The month of January was "Amazing Race" month for the children at Van Dyke. At Detour (our Wednesday night kid's service), one of our activity workshops was themed similar to the popular adventure race television show. For four weeks, each night kids raced from room to room, performing activities like:
  • Completely wrapping a team member in toilet paper
  • Assembling a 100-piece jigsaw puzzle
  • Using spoons held in their mouths to feed pudding to another team-mate
  • Drinking a baby bottle full of water (very time-consuming)
  • Solving word-scrambles, identifying bible names, etc.
  • Eating baby food
  • Drinking pickle juice
  • Finding a hard-boiled egg in a bowl full of unboiled eggs
It was crazy to watch but it was one of the most exciting pieces of children's ministry that I've ever seen. My daughter's team finished nearly last every week but still had a blast. I learned a lot of new things about various kids just watching them interact under pressure -- things I'd never see if they were sitting at a table listening to a bible story.
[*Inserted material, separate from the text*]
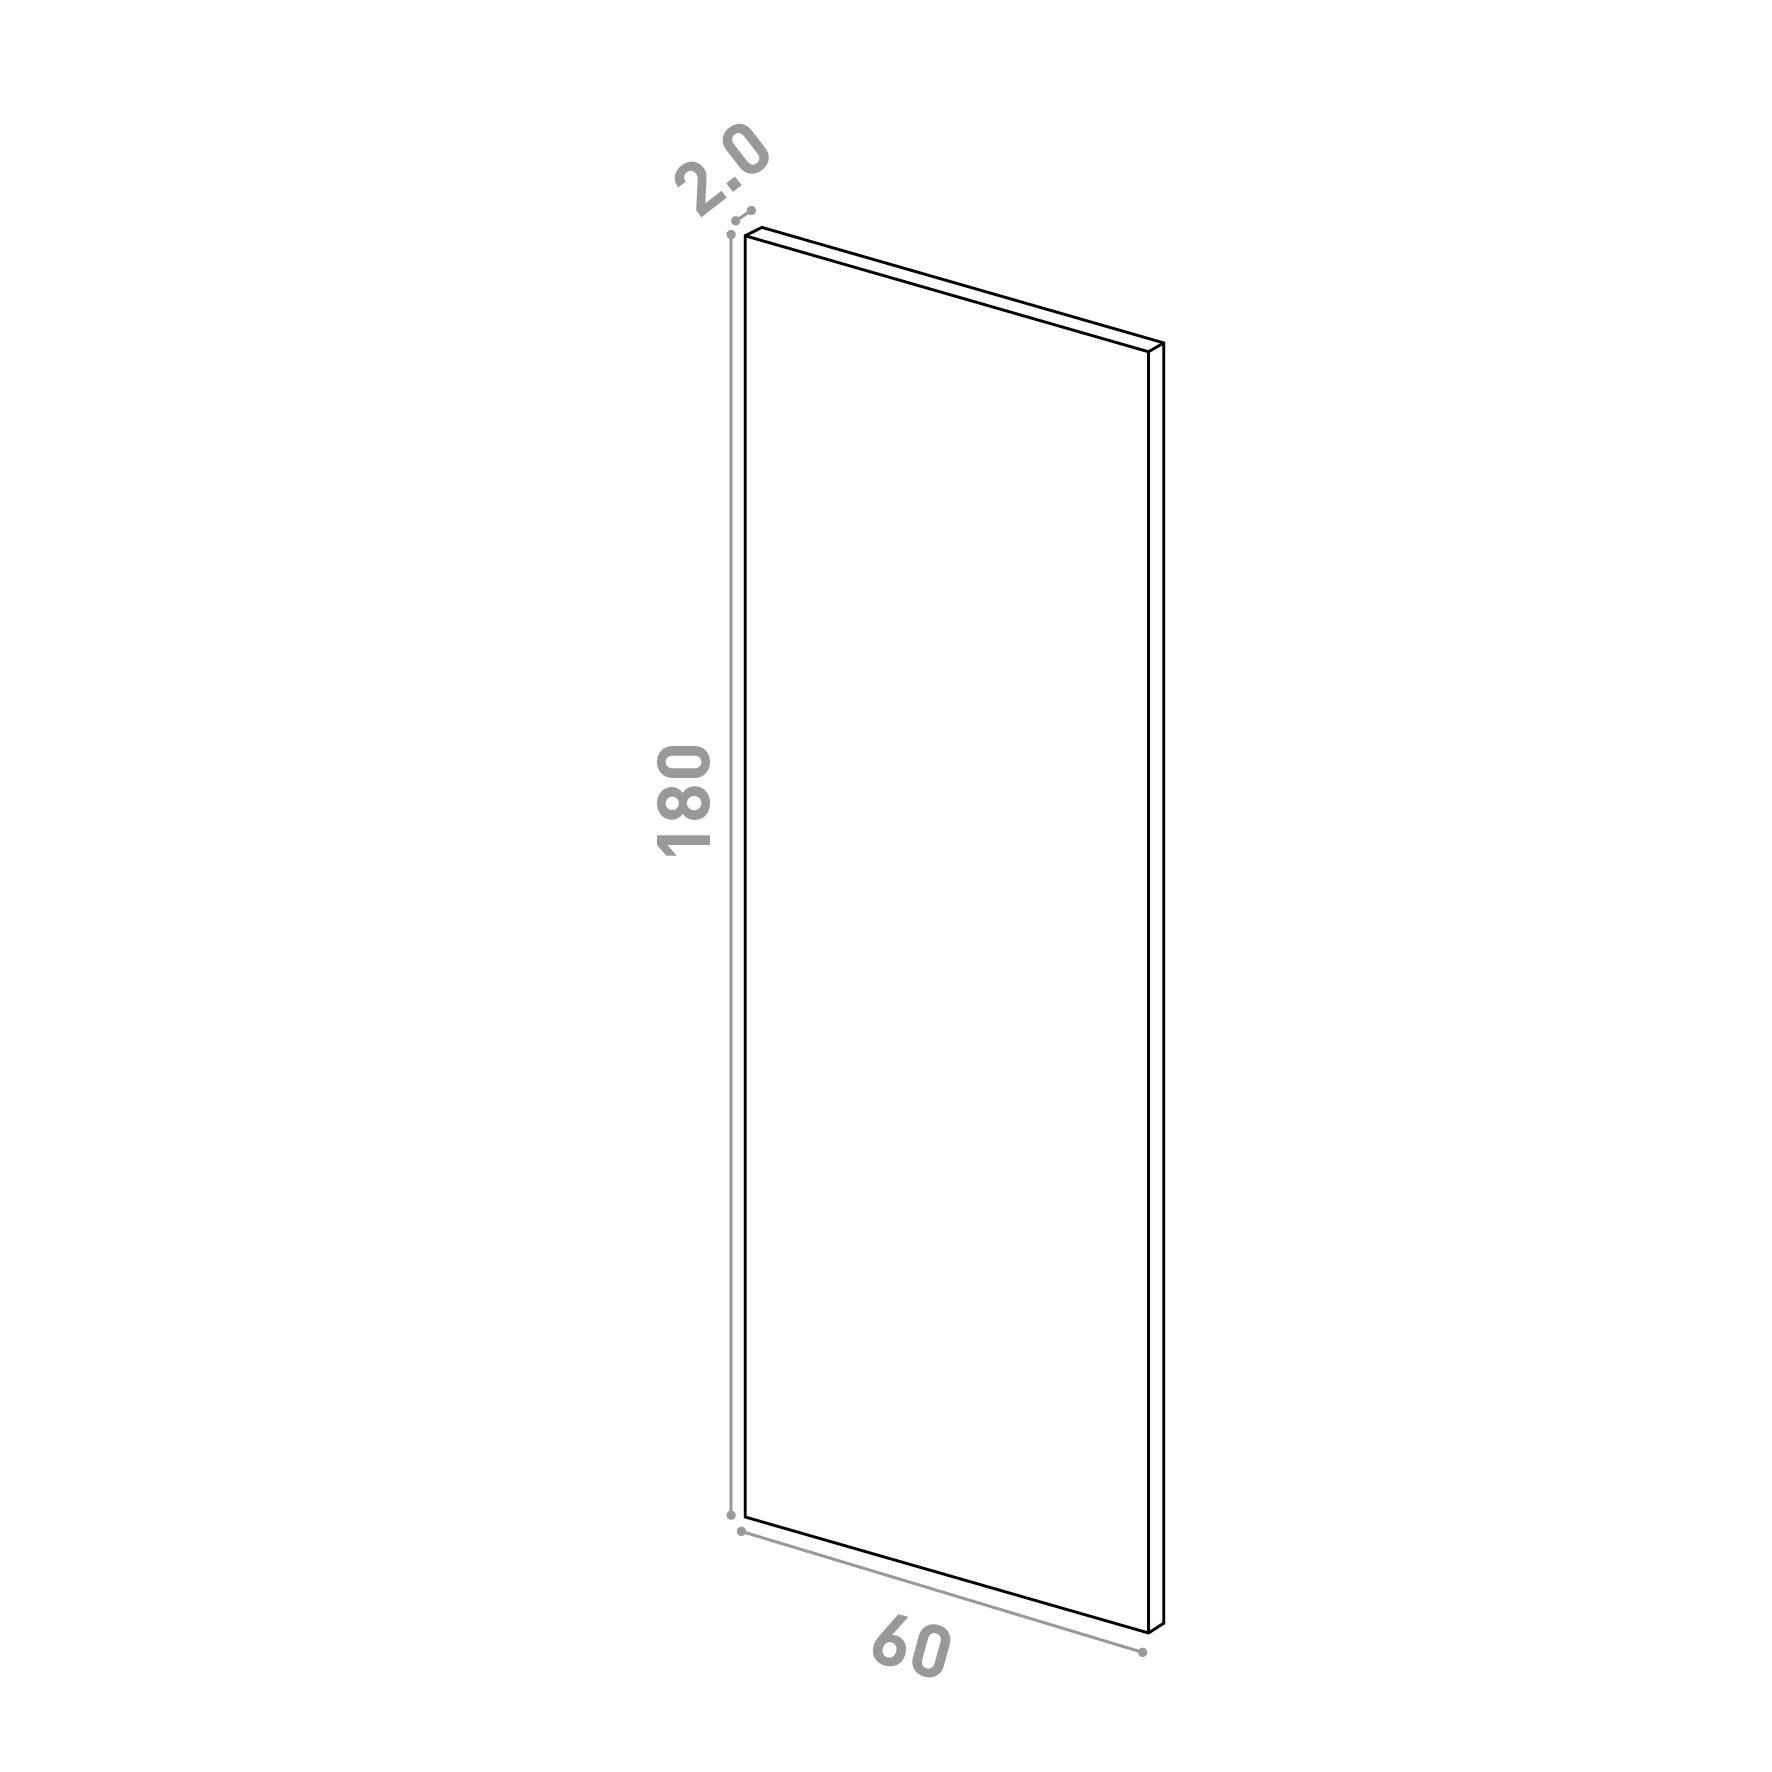 Porte 60X180cm   design lisse   chêne naturel

I think my proudest moment was the first night when one of our most difficult kids tried this activity. Every week she tries something different and by the end of the night, she tells me that she hates it and wants to do something different. This was the first time she finished the night and said she loved it. Another first: she came back to the same activity the next week.

Almost all of the credit for this goes to Sarah Morris, who jumped on this activity idea and ran with it. It was amazing to watch her juggle 8 rooms of activities and clues to send kids racing back and forth. This was so successful that we're working to pull together another activity similar to "Fear Factor" for March. We've already had kids asking about it.

["The Amazing Race" is a trademark or something of CBS or some production company. We asked and received clearance from them to use the term "Amazing Race" and our own logo, but we could not use the term "The Amazing Race".]